** INPUT DATA follows **

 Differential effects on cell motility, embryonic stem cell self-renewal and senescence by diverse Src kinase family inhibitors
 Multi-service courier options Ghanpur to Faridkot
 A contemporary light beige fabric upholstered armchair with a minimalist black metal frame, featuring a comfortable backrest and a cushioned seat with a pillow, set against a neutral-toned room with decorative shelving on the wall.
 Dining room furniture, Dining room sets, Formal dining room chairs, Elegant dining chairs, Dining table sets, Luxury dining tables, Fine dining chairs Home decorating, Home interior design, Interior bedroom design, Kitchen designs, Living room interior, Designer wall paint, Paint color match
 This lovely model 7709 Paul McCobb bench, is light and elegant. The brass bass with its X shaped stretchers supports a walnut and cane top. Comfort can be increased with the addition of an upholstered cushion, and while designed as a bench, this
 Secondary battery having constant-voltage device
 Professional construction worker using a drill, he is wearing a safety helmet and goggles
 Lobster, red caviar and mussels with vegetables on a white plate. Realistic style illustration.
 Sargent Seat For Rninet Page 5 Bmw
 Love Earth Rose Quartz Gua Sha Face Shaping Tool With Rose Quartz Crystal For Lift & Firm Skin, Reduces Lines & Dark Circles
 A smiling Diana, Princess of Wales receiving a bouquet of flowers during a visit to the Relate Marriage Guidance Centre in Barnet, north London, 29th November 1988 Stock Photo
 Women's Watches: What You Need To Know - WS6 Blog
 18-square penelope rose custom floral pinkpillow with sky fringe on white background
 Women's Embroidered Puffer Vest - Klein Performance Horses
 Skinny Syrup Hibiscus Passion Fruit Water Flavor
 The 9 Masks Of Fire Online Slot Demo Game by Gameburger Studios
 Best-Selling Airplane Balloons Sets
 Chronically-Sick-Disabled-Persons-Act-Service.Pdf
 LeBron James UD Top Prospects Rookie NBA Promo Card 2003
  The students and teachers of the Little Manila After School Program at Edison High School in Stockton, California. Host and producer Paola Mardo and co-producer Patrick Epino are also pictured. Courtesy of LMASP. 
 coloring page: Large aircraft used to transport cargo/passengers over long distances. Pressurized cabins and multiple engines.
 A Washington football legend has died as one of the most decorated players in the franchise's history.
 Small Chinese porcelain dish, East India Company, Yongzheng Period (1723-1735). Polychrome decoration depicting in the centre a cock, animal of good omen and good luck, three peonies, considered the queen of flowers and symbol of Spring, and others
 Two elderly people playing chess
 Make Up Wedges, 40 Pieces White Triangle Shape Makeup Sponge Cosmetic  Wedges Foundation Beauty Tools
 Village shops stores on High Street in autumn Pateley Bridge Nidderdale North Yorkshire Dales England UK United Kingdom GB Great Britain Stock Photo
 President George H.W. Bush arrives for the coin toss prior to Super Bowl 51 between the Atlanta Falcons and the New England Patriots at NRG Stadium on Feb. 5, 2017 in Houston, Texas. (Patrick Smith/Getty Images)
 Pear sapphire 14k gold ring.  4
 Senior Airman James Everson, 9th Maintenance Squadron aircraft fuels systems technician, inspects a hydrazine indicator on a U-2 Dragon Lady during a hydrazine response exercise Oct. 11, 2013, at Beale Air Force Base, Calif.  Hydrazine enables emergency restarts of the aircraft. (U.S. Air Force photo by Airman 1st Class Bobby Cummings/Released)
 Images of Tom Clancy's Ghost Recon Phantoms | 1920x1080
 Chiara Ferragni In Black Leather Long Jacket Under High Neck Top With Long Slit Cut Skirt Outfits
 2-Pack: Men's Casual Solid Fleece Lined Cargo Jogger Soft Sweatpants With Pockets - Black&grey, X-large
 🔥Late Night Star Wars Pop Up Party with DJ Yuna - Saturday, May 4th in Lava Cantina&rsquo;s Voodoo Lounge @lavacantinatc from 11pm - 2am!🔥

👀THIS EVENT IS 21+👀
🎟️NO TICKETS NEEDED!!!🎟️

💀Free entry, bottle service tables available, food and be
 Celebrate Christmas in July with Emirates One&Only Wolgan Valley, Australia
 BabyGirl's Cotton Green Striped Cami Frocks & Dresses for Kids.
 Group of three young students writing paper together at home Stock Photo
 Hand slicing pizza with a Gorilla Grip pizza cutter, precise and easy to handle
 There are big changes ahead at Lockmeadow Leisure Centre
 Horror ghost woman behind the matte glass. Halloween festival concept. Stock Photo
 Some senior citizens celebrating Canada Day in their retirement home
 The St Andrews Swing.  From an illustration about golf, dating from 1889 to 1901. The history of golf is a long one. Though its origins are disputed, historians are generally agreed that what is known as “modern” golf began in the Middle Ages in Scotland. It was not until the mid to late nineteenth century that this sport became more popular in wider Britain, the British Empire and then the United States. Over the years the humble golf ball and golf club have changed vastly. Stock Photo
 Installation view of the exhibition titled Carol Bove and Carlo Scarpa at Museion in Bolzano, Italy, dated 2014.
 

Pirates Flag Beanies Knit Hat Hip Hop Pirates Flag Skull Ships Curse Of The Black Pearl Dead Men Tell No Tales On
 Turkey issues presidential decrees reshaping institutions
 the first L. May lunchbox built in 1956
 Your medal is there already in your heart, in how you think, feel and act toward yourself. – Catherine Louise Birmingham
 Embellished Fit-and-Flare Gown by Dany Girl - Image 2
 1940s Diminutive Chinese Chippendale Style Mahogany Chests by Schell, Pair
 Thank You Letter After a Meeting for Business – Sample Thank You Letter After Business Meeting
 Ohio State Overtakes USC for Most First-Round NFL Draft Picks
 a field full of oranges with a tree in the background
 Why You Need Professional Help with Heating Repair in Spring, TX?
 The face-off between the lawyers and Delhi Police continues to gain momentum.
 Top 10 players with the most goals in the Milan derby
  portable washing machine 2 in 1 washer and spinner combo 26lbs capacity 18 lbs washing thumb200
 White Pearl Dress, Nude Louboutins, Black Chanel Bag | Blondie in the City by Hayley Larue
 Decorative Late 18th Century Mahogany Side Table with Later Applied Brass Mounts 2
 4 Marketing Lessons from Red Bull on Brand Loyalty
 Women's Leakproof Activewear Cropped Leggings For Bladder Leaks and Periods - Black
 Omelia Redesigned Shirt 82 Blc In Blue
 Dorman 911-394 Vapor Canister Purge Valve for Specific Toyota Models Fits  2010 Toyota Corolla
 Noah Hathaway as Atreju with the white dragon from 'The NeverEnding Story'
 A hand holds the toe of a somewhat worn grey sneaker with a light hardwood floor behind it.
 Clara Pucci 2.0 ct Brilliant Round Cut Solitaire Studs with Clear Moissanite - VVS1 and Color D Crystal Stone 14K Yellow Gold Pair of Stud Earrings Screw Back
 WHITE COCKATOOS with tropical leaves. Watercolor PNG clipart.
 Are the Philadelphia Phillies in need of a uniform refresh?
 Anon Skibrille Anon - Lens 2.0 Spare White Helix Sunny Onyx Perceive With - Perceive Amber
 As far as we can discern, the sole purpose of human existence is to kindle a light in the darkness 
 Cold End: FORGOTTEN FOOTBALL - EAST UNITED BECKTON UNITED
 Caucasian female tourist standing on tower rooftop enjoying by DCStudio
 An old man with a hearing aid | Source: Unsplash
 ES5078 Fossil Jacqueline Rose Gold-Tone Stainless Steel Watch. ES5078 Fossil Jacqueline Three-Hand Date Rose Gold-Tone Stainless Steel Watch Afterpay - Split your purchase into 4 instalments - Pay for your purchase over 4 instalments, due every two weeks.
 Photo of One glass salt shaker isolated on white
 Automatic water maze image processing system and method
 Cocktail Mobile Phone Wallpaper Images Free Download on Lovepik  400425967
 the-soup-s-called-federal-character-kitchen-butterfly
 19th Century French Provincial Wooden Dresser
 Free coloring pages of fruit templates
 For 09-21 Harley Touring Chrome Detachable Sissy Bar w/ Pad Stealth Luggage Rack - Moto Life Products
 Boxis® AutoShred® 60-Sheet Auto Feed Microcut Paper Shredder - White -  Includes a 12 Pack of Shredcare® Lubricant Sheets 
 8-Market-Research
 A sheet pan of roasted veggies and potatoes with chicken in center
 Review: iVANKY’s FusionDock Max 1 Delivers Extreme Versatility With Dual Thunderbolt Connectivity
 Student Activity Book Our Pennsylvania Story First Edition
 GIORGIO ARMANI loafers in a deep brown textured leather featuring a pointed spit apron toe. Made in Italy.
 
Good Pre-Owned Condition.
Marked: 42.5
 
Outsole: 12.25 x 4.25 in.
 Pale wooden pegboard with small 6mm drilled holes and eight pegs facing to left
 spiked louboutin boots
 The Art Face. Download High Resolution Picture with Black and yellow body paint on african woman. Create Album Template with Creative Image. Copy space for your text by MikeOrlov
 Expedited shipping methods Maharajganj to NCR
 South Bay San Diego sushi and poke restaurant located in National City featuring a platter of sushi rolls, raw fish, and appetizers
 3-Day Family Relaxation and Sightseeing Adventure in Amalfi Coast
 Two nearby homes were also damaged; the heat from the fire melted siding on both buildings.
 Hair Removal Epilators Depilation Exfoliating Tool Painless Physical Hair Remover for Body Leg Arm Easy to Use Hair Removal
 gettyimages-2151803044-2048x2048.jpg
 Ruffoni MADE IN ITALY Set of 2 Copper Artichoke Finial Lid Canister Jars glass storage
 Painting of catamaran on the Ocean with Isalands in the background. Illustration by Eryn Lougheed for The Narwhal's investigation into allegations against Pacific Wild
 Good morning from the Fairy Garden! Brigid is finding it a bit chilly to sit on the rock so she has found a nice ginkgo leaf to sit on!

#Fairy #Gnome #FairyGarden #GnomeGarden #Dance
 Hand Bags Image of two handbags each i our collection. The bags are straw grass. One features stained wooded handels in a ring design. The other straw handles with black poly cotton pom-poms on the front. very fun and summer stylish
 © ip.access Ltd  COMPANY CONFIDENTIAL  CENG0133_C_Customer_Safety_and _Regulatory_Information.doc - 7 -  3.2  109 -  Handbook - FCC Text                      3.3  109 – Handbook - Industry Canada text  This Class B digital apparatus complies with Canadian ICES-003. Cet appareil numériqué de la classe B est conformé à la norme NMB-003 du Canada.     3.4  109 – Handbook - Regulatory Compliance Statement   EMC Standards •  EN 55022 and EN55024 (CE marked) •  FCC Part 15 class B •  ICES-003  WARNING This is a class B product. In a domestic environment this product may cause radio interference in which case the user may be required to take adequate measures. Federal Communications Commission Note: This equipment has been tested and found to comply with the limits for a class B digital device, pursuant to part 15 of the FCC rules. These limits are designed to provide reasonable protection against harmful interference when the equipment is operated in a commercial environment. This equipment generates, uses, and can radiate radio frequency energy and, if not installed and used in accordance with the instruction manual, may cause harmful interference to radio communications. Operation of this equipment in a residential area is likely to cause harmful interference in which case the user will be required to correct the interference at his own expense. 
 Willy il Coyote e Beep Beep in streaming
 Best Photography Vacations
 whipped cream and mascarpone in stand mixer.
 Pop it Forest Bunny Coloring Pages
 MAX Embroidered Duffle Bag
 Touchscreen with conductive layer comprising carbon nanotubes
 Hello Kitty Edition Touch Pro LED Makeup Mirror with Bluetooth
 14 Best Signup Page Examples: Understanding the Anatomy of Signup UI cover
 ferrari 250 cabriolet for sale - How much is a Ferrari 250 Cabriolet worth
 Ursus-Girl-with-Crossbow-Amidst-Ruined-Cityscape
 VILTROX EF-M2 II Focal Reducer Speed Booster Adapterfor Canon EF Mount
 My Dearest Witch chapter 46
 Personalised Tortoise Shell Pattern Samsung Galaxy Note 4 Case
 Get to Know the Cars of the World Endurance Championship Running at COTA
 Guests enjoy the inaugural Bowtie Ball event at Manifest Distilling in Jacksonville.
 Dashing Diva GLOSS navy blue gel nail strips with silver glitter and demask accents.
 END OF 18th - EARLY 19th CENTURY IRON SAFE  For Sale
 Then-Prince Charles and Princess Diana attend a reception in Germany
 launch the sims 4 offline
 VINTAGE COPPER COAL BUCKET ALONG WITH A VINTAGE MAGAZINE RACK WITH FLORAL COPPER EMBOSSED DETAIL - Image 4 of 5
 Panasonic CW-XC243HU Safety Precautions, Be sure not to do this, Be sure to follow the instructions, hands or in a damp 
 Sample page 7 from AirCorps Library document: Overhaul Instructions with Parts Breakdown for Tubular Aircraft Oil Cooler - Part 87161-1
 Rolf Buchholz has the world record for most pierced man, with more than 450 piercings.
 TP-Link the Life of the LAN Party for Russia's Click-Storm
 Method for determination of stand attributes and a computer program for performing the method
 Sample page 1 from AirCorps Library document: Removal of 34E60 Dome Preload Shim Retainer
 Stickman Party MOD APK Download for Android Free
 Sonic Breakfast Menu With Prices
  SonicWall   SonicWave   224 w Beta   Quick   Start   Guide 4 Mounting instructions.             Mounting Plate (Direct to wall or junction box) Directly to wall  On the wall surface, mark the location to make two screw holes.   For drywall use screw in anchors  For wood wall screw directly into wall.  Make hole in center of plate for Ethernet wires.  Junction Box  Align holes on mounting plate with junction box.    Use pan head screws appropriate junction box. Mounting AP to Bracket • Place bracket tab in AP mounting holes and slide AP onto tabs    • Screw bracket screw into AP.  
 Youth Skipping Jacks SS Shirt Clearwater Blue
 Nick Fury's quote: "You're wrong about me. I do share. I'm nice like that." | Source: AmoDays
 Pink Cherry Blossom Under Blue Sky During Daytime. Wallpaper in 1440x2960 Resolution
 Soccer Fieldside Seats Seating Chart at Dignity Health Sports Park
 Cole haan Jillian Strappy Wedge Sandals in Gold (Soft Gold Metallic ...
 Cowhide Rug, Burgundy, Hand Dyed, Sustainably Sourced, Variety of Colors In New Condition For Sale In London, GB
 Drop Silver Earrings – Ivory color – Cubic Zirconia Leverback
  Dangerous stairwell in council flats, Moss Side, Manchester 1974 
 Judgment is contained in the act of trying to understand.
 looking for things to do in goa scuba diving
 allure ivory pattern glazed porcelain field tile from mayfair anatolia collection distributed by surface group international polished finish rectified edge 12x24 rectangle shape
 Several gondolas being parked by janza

** End of INPUT DATA **

## TO DO
Supply the number of lines above that contain the word "Pearl", and nothing else.

## WRITTEN ANSWER
2